Address correspondence and reprint requests to Research Fellow M.W. Nortvedt, University of Bergen, Department of Public Health and Primary Health Care, Ulriksdal 8C, N-5009 Bergen, Norway; monica.nortvedt{at}hib.no
OBJECTIVE: To investigate the predictive value of quality of life on changes in disability measured by the Expanded Disability Status Scale (EDSS).
BACKGROUND: There are few good prognostic factors for disease development in MS. Quality of life and self-rated health have been shown to be highly predictive of morbidity and disease development in heart disease and cancer.
METHODS: Data on quality of life (SF-36 Health Survey) were ascertained at baseline for 97 relapsing-remitting patients with MS participating in a short-term clinical trial on interferon
-2a. These scores were correlated with change in EDSS scores 1 year later, 6 months after treatment ended.

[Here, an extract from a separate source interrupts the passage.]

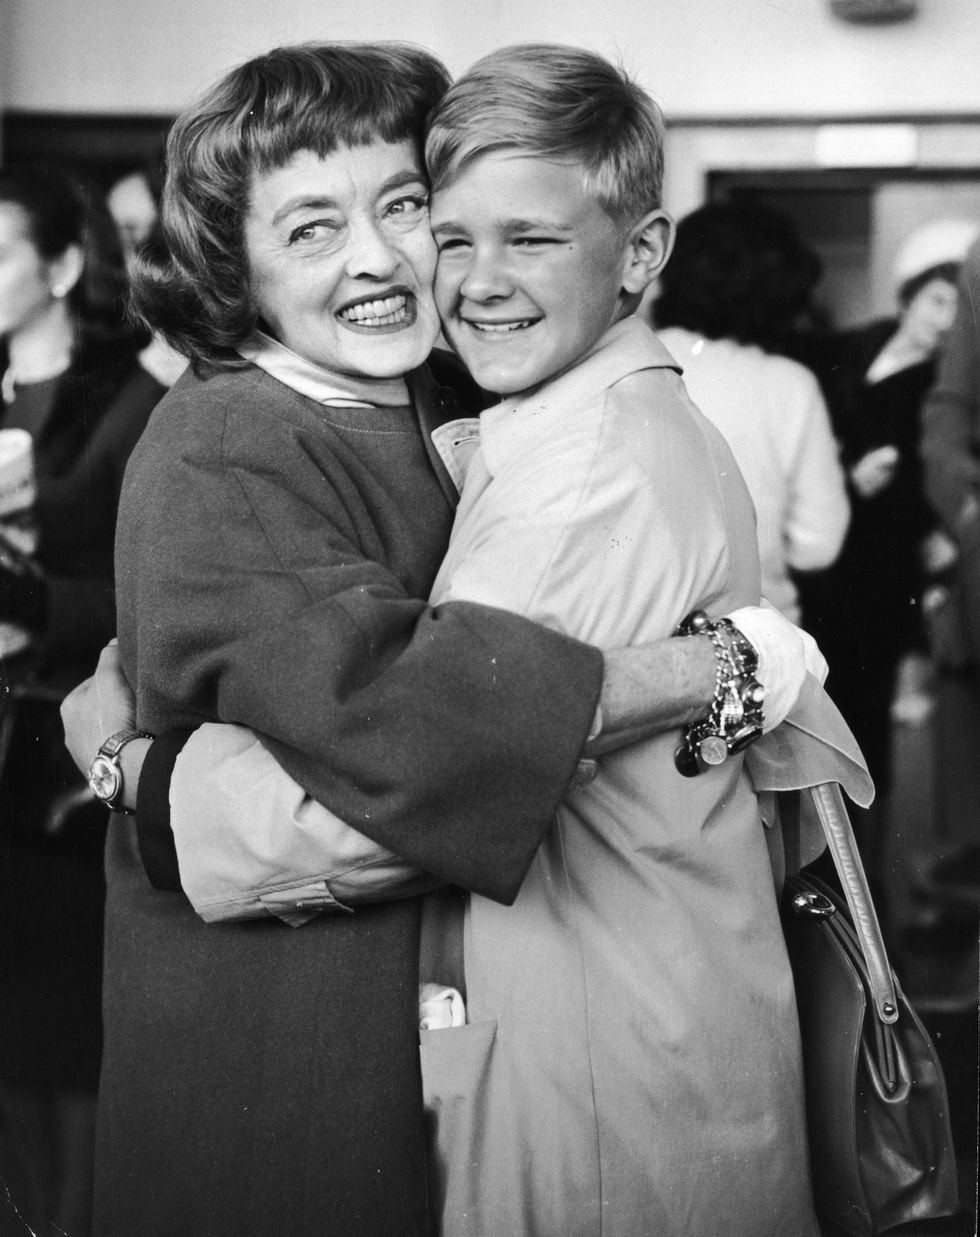 Bette Davis with her son, Michael.

RESULTS: Low scores on the SF-36 mental health scale were correlated with increased (worsened) EDSS scores 1 year later (r = -0.29, p = 0.006). The results were not altered by adjusting for disease activity at baseline, which was measured by the number gadolinium-enhanced MRI lesions, relapse rate for the preceding 2 years, and baseline EDSS score. Similar results were found for self-rated health (according to the first question of the SF-36).
CONCLUSIONS: These findings reinforce the importance of incorporating the patients evaluation of their quality of life during treatment. Further, assessing such measures is important in evaluating effects in treatment trials in MS.